Now I have time to look at this page, and related pages, there is a deeper problem, which I must congratulate Jmabel for dealing with almost singlehanded. The 1911 Britannica articles on the French Revolution seem mostly to have been written by the same hand (?James Anthony Froude?; they're unsigned), with a double POV:

  • The Catholic church is the Scarlet woman;
  • the Revolution is the only thing worse: her natural offspring, Godless atheism, which explains all its actions.

The anonymous edit has removed the second POV, leaving the first. This is unquestionably an improvement; but I think in the long run there are two choices:

The Dechristianisation of France during the French Revolution is a conventional description of the results of half-a-dozen separate policies:

  • The traditional Gallican policy that the Church of France should be subject to the French government rather than a foreign pontiff
  • That there should be no privileges in the new Revolutionary France, One and Indivisible
  • That all classes and orders should contribute to straightening out the disaster which Louis XVI had put the French finances into
  • enforcement of religious toleration
  • creation of a common patriotic ceremonial and symbolism
  • War with the Pope, as a temporal sovereign whose troops had killed a French officer on the grounds of the French embassy
  • Support of an alternate religion.

These were supported by different parties, at different times, at different lebels of government. Only the last will be called de-Christianization by a consensus, and it was limited to November 1793 and some months of 1794.

Comments? Septentrionalis 22:41, 15 Jun 2005 (UTC)

  • I generally agree with the the direction you want to take this. The "no privileges" thing can probably be fleshed out with some discussion of the events of 4 August 1789. The atheistic Cult of Reason certainly should be mentioned, as well as the theistic Cult of the Supreme Being. And much of this could be worded better, but I assume you were not intending to take this verbatim into the article. I say go for it. -- Jmabel | Talk 21:01, Jun 19, 2005 (UTC)

[edit] Non-Catholics

Some mention of Jews and Protestants for comparison? --84.20.17.84 10:12, 11 June 2007 (UTC)

[edit] Descrimination?

Let's replace the infobox with one for the French revolution. JeffBurdges 10:13, 3 November 2007 (UTC)
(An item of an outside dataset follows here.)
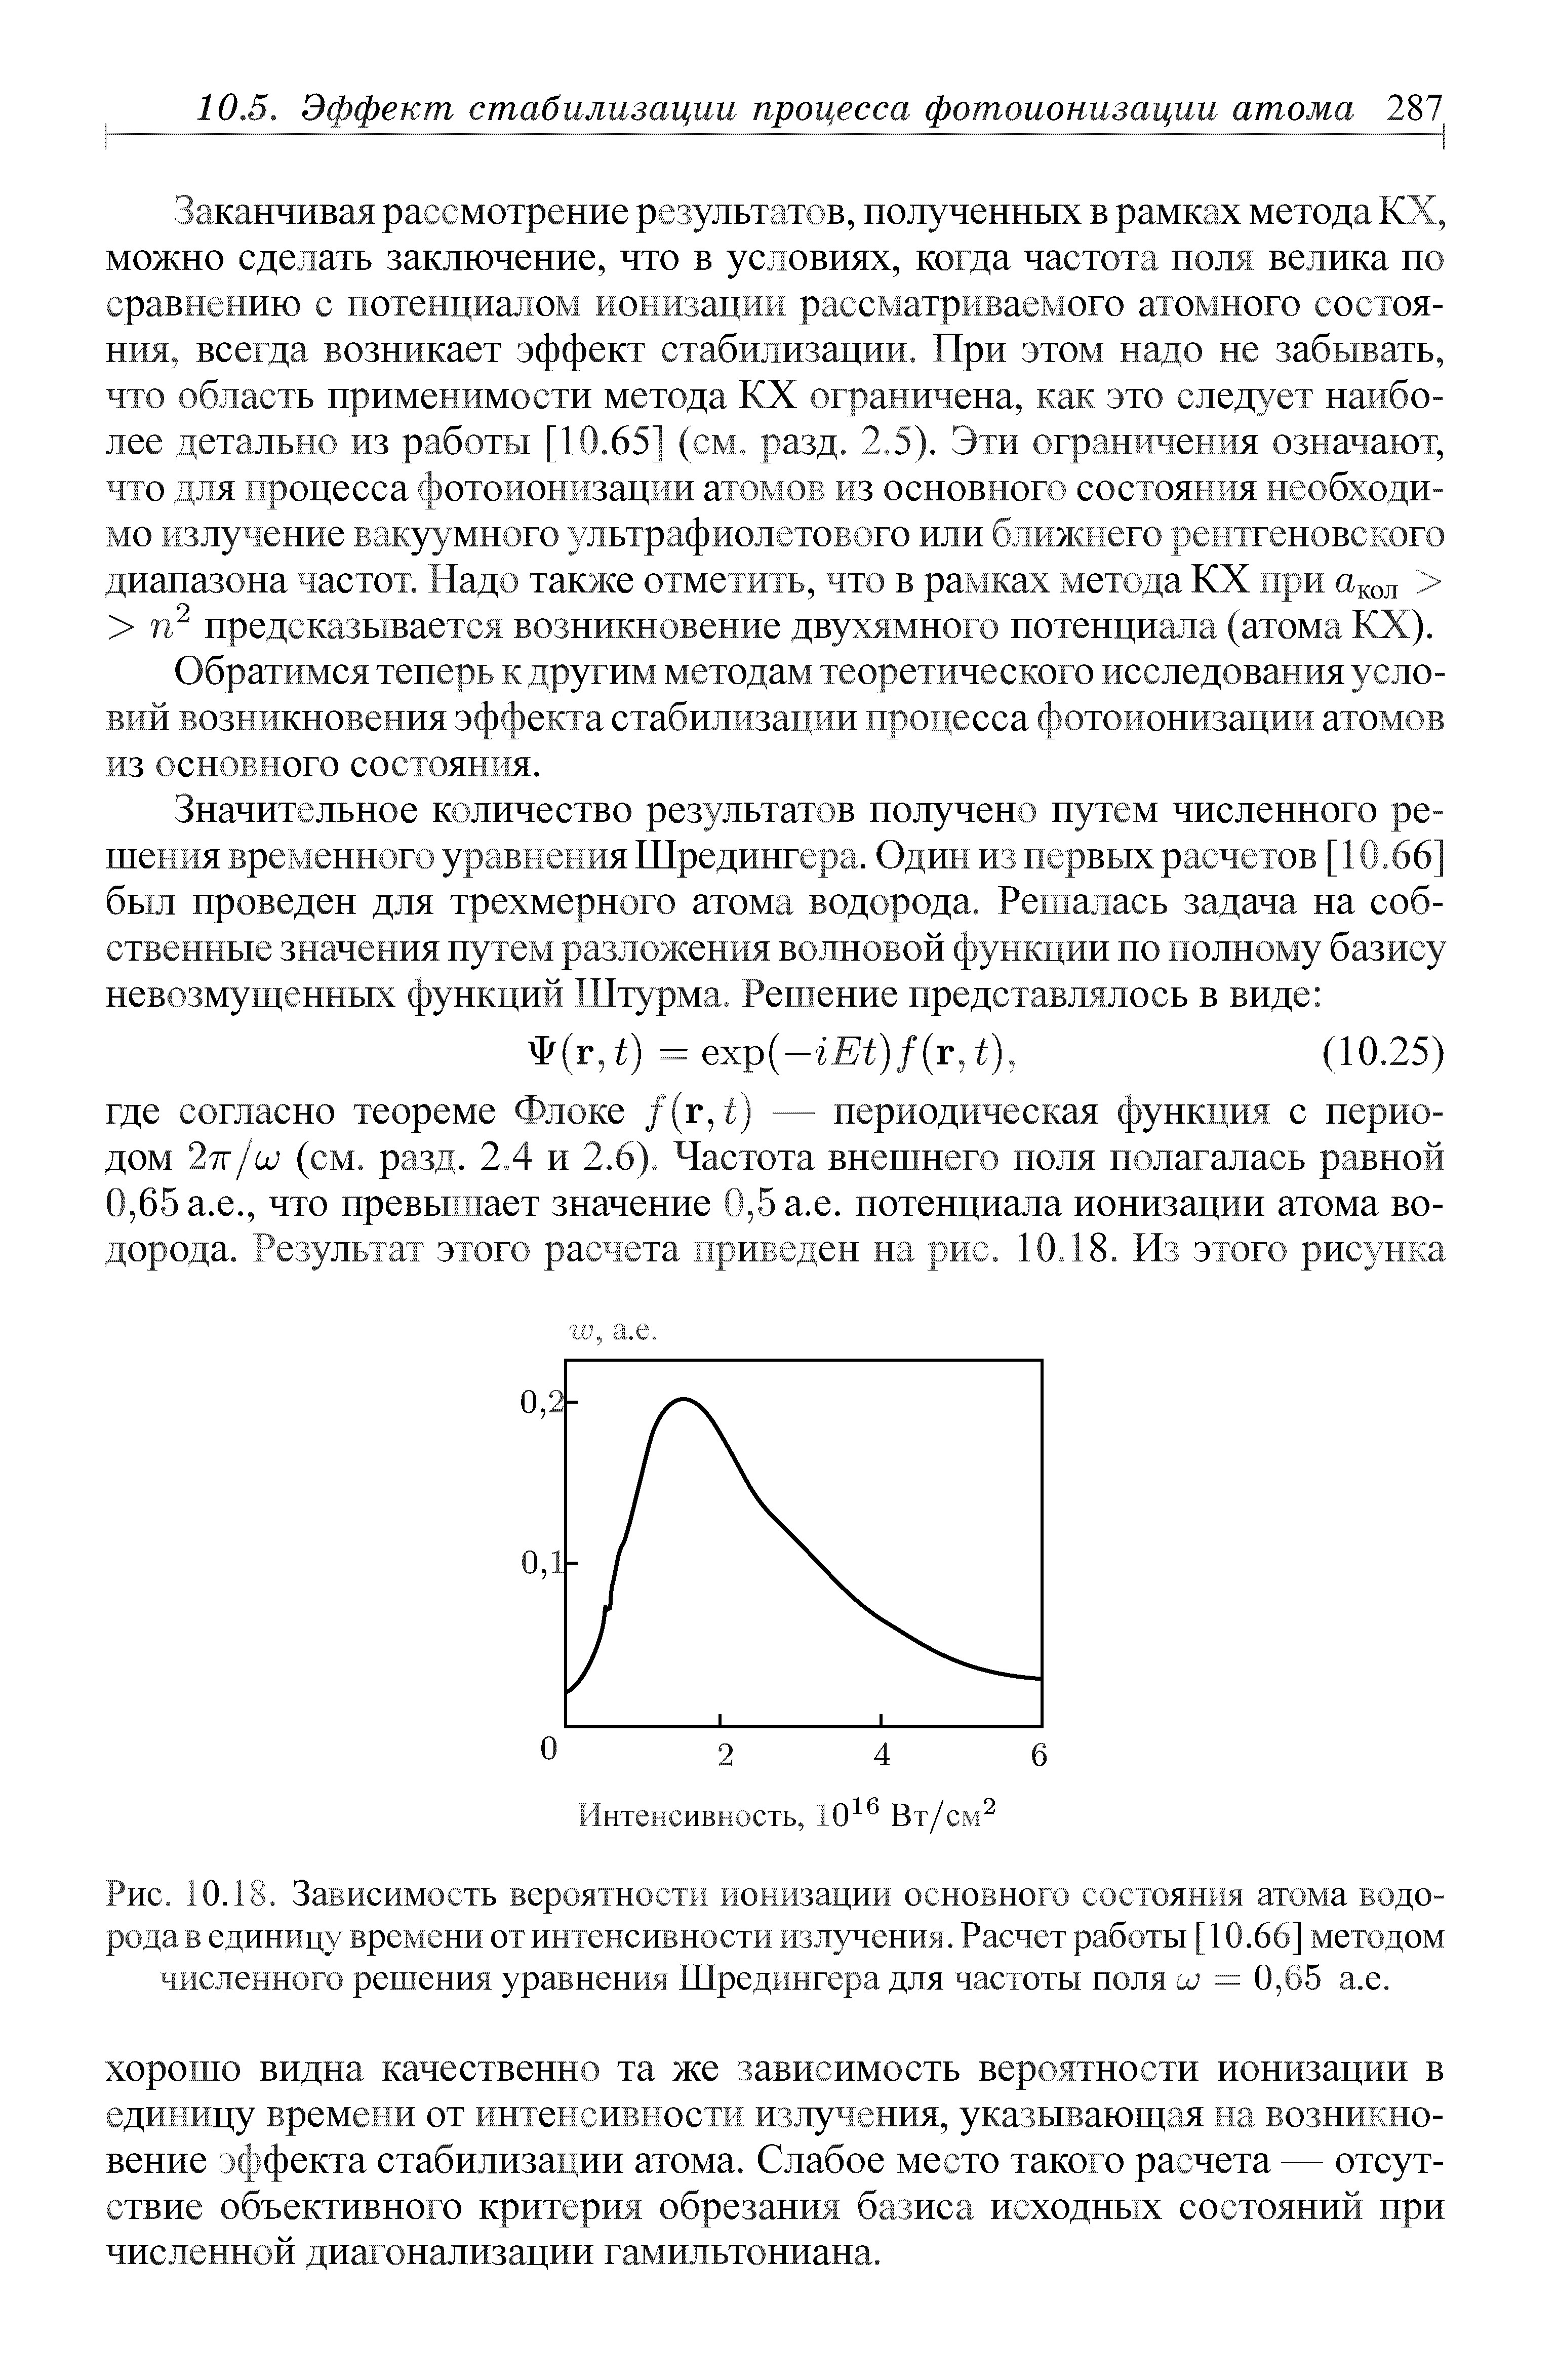 Рис. 10.18. Зависимость вероятности ионизации <a href="/info/12627">основного состояния</a> атома водорода в единицу времени от <a href="/info/18861">интенсивности излучения</a>. Расчет работы [ 10.66] <a href="/info/21719">методом численного решения уравнения</a> Шредингера для частоты поля и) = 0,65 а.е.

Feel free to add that infobox as well, but the religious persecution box should not be removed. There is no question that this matter constituted religious persecution. Mamalujo 19:45, 5 November 2007 (UTC)
Hi there. I don't mean to be a pain, but I think the religious persecution infobox is hardly warranted. While I fully agree that the Dechristianisation of France during the French Revolution produced religious persecution, the subject of the article is not religious persecution in France during the Revolution in itself, and neither is the focus it is being given as an article. Of course there is room for the article to include mention of resulting persecution as a consequence of the whole process (in its own section, in related articles lists, etc), but if as Wikipedia editors we understand Infoboxes to be "... designed to be placed into main articles related to the topic area" and "...a broad class of templates commonly used in articles to present certain summary or overview information about the subject" (quoted from Wikipedia:Manual of Style (infoboxes), I don't think the infobox on Religious Persecution and Discrimination should be inserted here. Otherwise, we'll end up with all Wikipedia articles being clogged with a dozen infoboxes on related topics. I mean, the Albigensian Crusade article (and all Crusade articles, for that matter) deals with religious persecution, but I wouldn't really add the template there, either, since it would not be central to the article, and it wouldn't serve to summarize any of the points or to link the article to a common "mother" article. Cheers! ;) Dr Benway (talk) 10:09, 28 December 2007 (UTC)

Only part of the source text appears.